Saturday Sep 04, 2010

Password Madness

I recently had to change my password for a single signon service I use. I opted to include a "?" in my new password. Over the next couple of days I discovered that I could only enter my password on some of the sites I needed to use. On others it was consistently rejected. Luckily because it was single signon I could sign on to one site and then navigate to the another that wouldn't allow me to enter my password.

After a few days I figured out that some sites just didn't like my password. I decided to change my password to something that didn't include "?". Lo and behold, I could now log in using any of the sites which used the single signon service. Sigh.
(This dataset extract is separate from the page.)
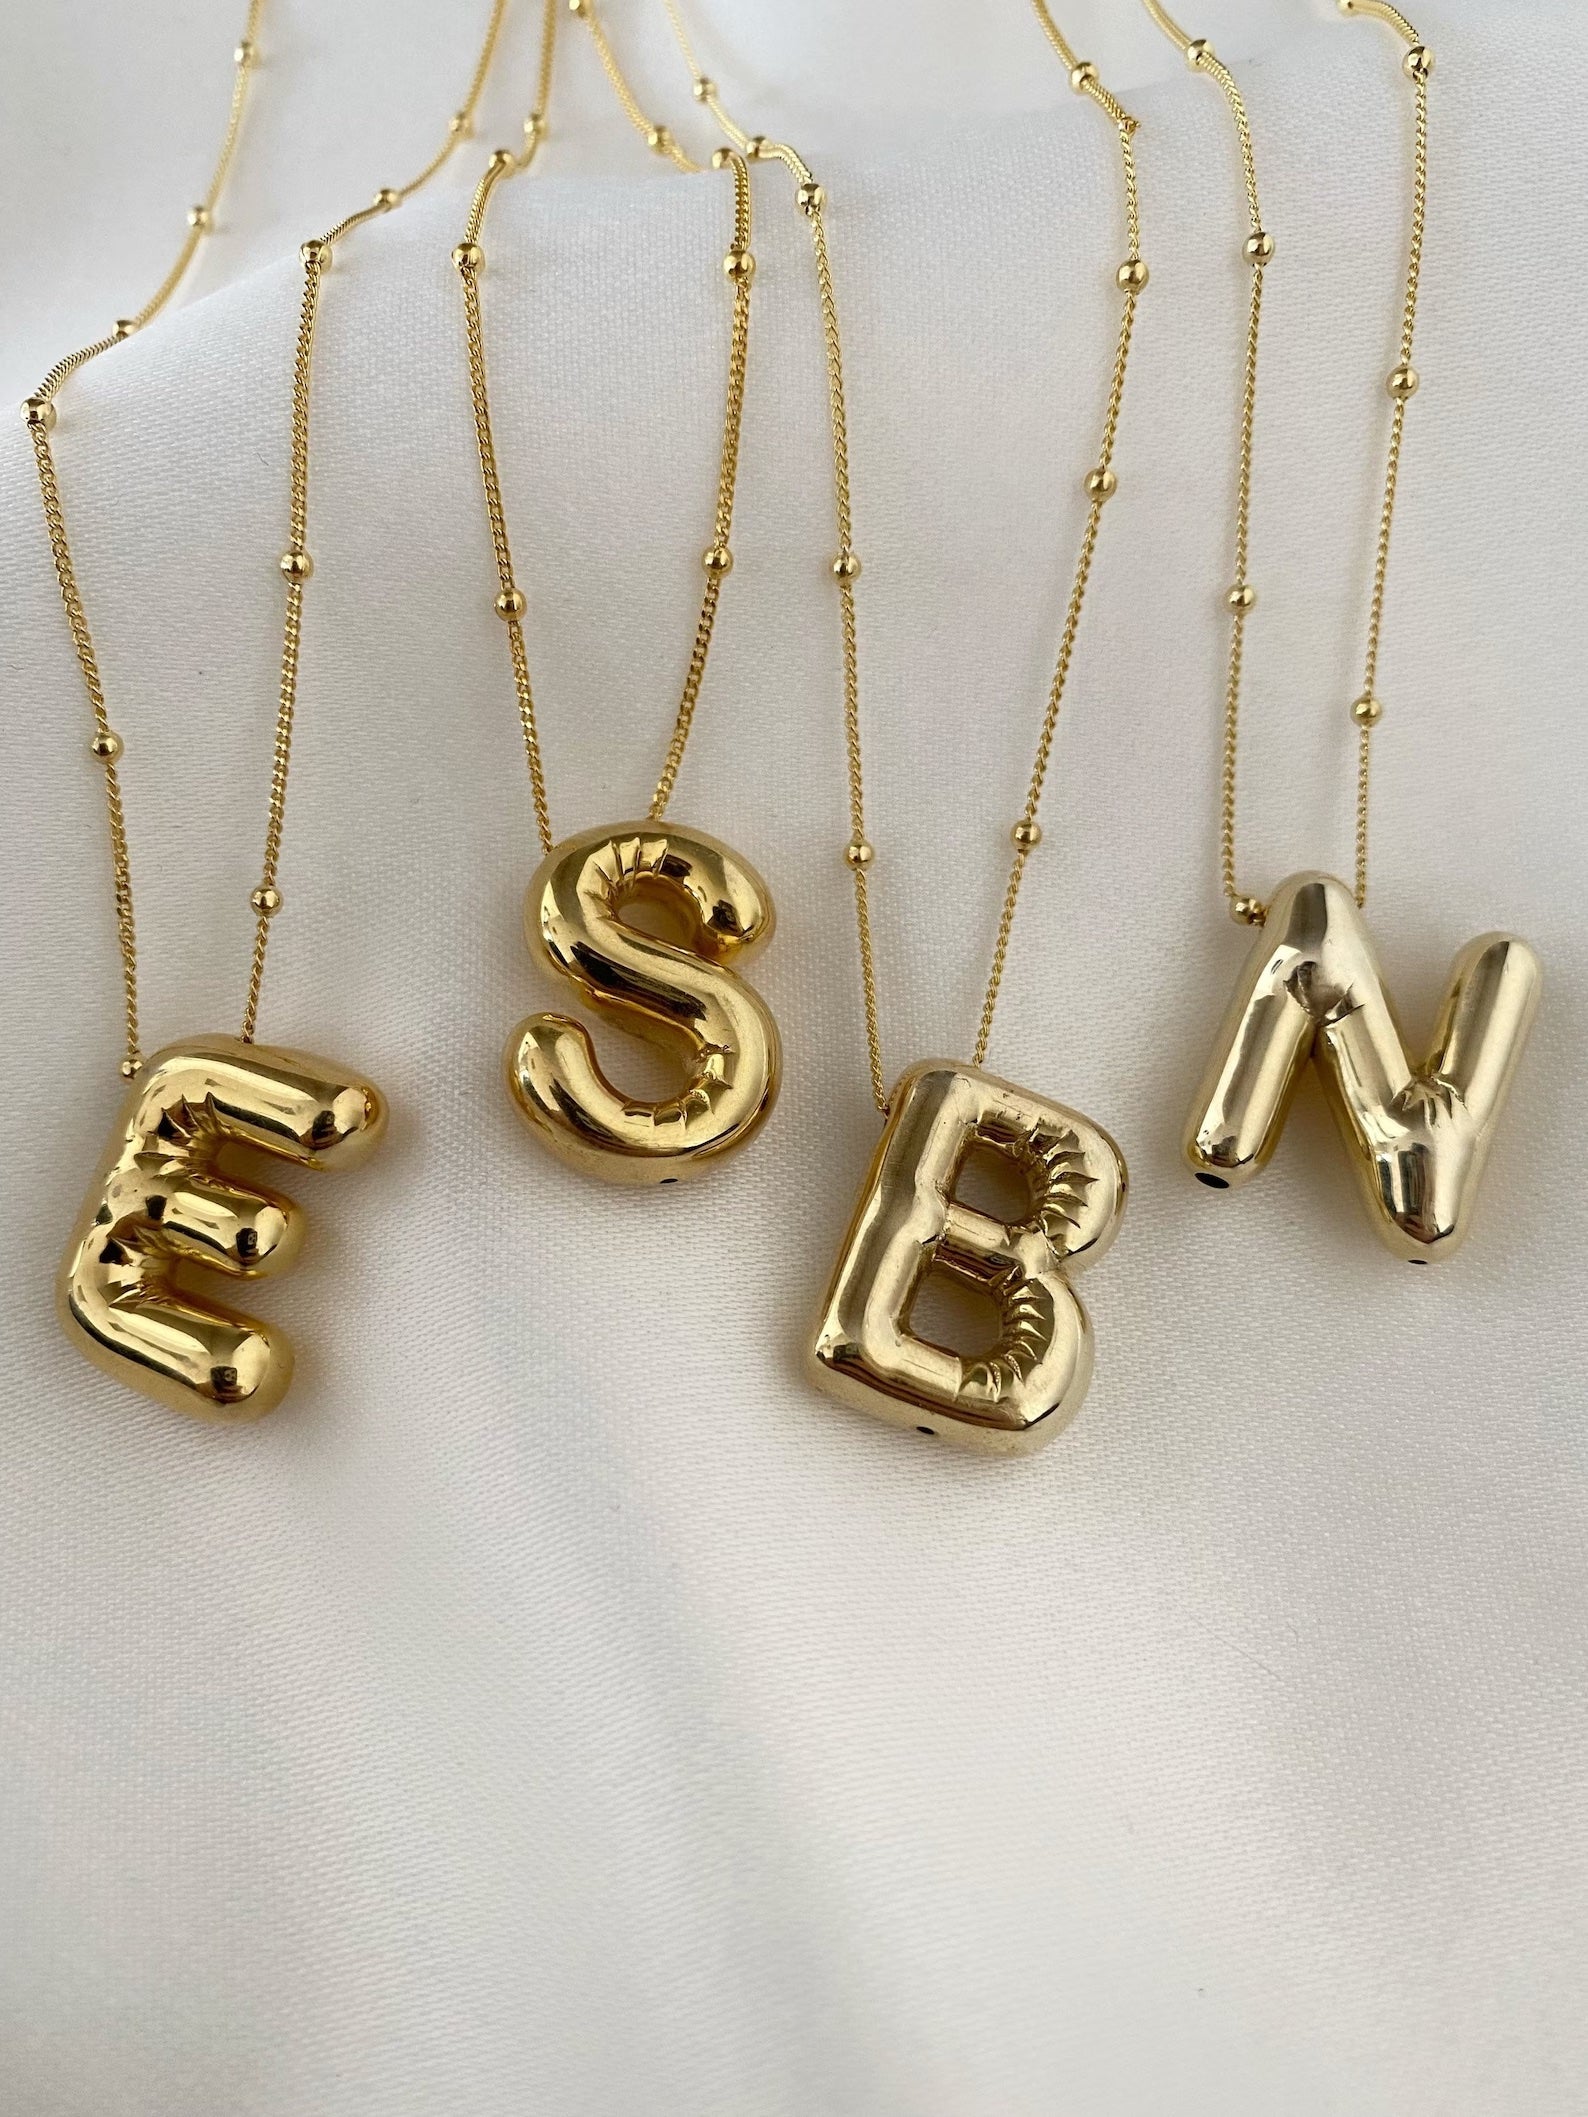 Our Balloon Initial Necklace!🎈🎈😍 #shopalexandramadison | Instagram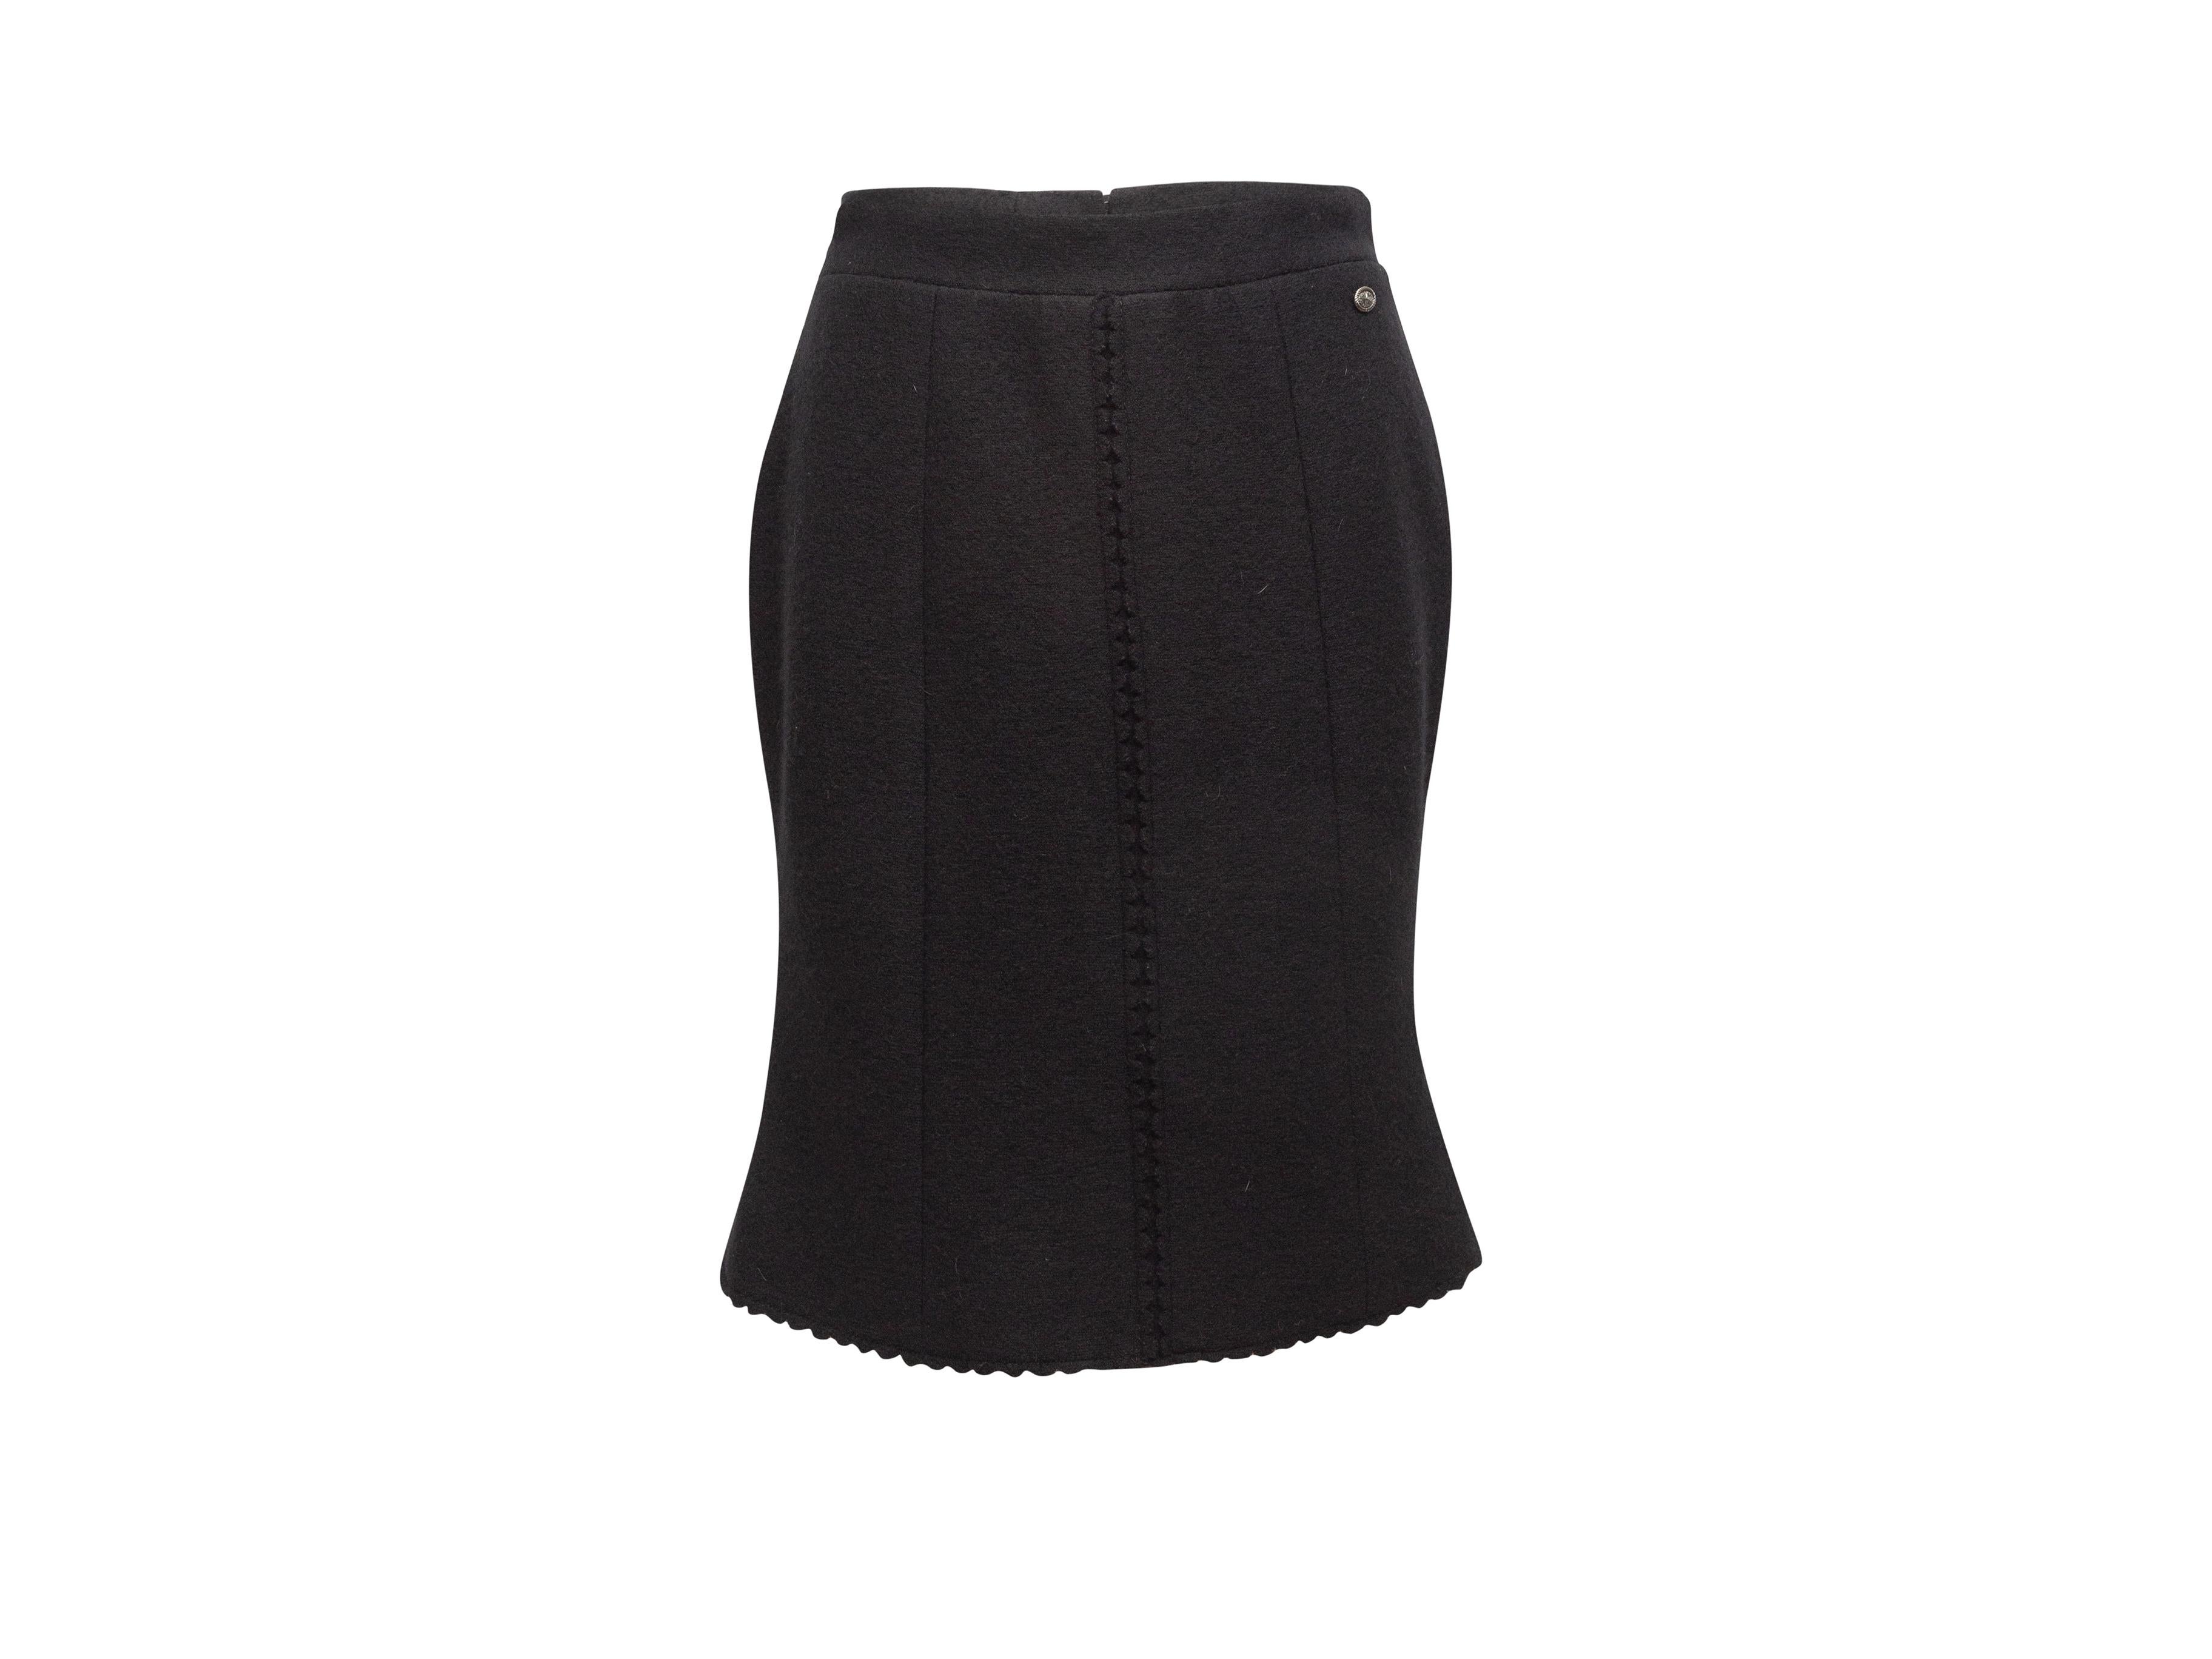 Product details: Black wool knee-length skirt by Chanel. Scalloped edges. Zip closure at center back. Designer size 40. 31

It bothers me that standards for passwords are still so inconsistent. Case sensitive, case insenstive, spaces allowed, no spaces allowed, numbers allowed, numbers not allowed, random allowability of symbols. Usually the reasons for the restrictions are bizarre and arbitrary (what to do with computers isn't?). It's very frustrating for users to work with these varying restrictions imposed by multiple sites. It would certainly make things easier if more effort was spent to allow users the maximum flexibility in their password choice and probably more importantly that the behaviour was more consistent among sites. Perhaps industry specific standards or best practices could reduce the frustration around password policies. It's worth a try.

Monday Feb 02, 2009

No password

I have been doing a lot of work using virtual machines (the simulates-a-computer kind not the Java kind). Since all of the virtual systems are NATed or have no networking and because I'm mostly doing driver development I am generally logged in as root and not using a password. Obviously, this has usage and security implications. For one thing, I can't assume that there is any kind of safety protection. If I screw up then the machine is screwed up. This applies to the security as well. If I do something stupid like download random software or go to arbitrary web sites then I could easily screw up the virtual machine.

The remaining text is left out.